Temperature and Humidity Effects
Temperature gradients in the atmosphere cause refractive bending of RF signals. When warm air overlays cooler air near the surface, an inversion layer forms. This creates ducting conditions in which radio signals can travel further than normal, sometimes hundreds of kilometres beyond the radio horizon. While this may temporarily improve long-distance communications, it also introduces interference between systems operating on the same frequencies in different regions.
Humidity has a direct relationship with absorption of radio energy, particularly at frequencies near the water vapour resonance lines around 22 GHz and 183 GHz. In practical terms, microwave links that perform well under dry conditions may exhibit severe degradation during periods of high humidity. The attenuation is not linear; it rises sharply as water vapour density increases, making tropical and coastal climates particularly challenging for systems operating in these frequency ranges.
Rain and Precipitation
Rain is one of the most significant weather-related factors influencing RF propagation. Raindrops scatter and absorb radio waves, an effect most pronounced at frequencies above 10 GHz. The severity depends on rainfall rate, drop size distribution, and polarization of the signal. For satellite communications and backhaul microwave links, heavy rain events can result in fade margins exceeding 20 dB, enough to cause complete signal loss if systems are not engineered with adequate link budgets.

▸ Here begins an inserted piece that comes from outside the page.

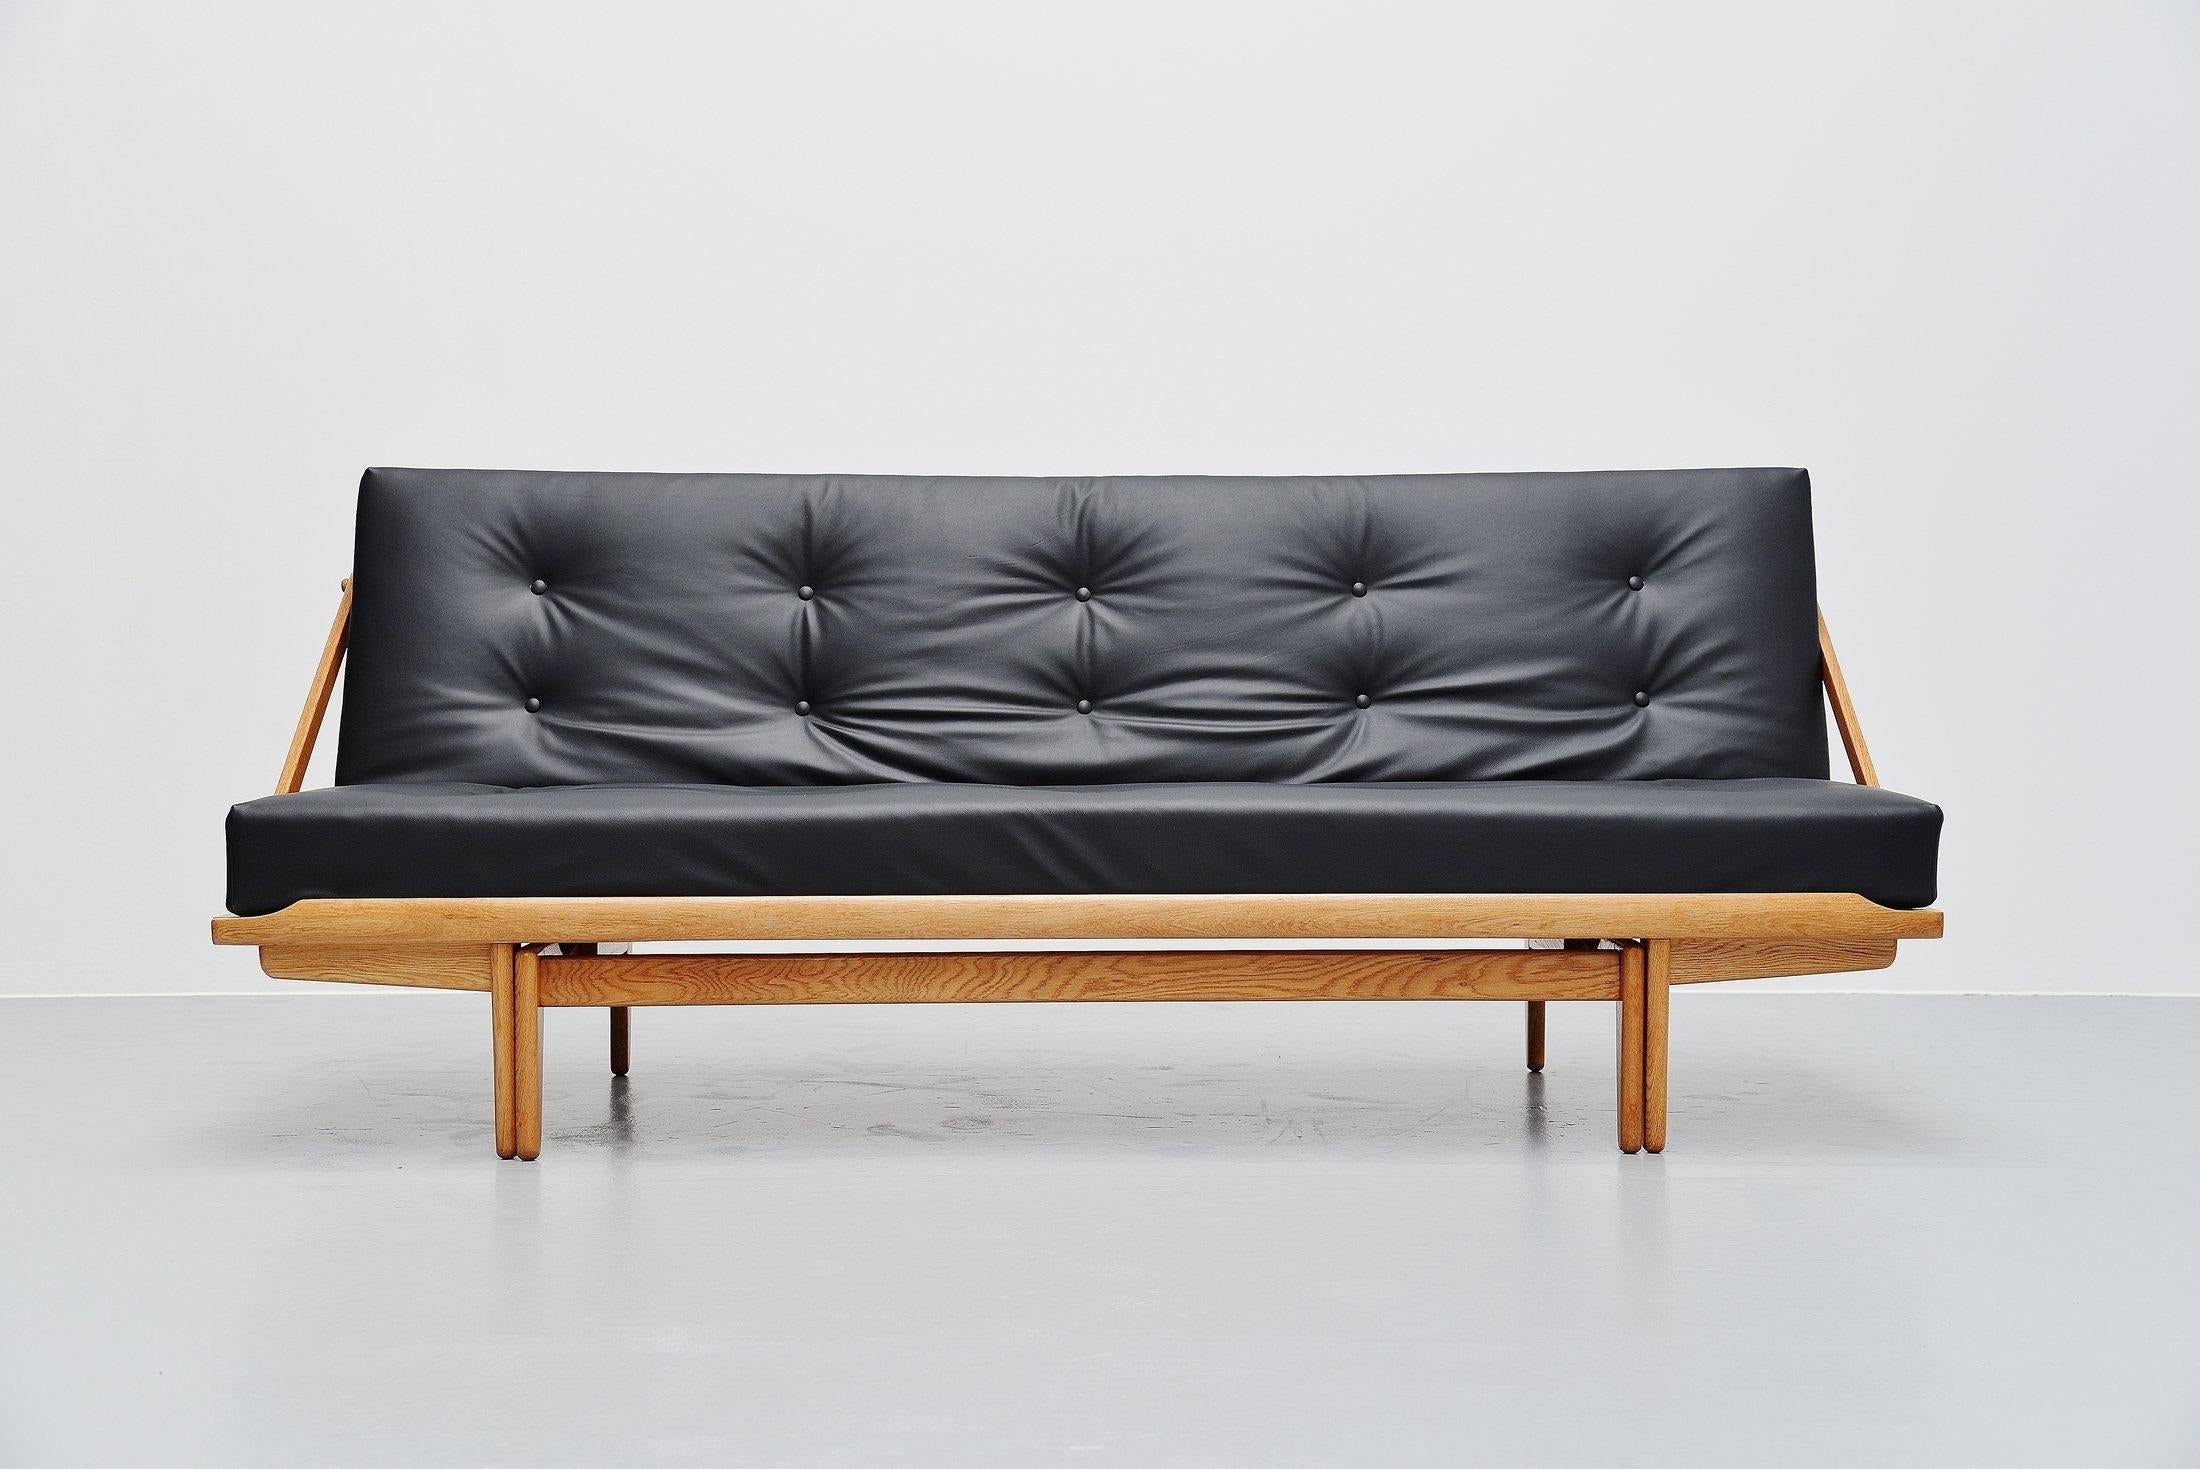 Sehr schönes, raffiniertes Daybed-Sofa Modell 981, entworfen von Poul M Volther und hergestellt von Gemla, Dänemark, 1959. Dieses Sofa heißt Diva

Snow and hail also contribute to attenuation, although the impact is somewhat less severe than rain due to lower water content. However, wet snow can cling to antennas and radomes, physically de-tuning them and further increasing signal degradation. Freezing rain can create an ice layer on transmission infrastructure, altering the electrical characteristics of antenna surfaces. These effects are of critical importance in northern climates such as Canada, where winter precipitation is frequent and persistent.
Fog and Clouds
Fog is composed of tiny suspended water droplets, typically less than 100 micrometres in diameter. Despite their small size, they can cause scattering losses at millimetre-wave frequencies. At 60 GHz, commonly considered for short-range wireless links, attenuation due to fog can be several dB per kilometre, enough to render longer links unreliable. Clouds at higher altitudes have similar effects, especially for earth-to-satellite paths where signals must traverse thick cloud layers. This is a significant factor for satellite Earth observation and Ka-band satellite Internet services, which must implement adaptive coding and power control to mitigate weather-induced losses.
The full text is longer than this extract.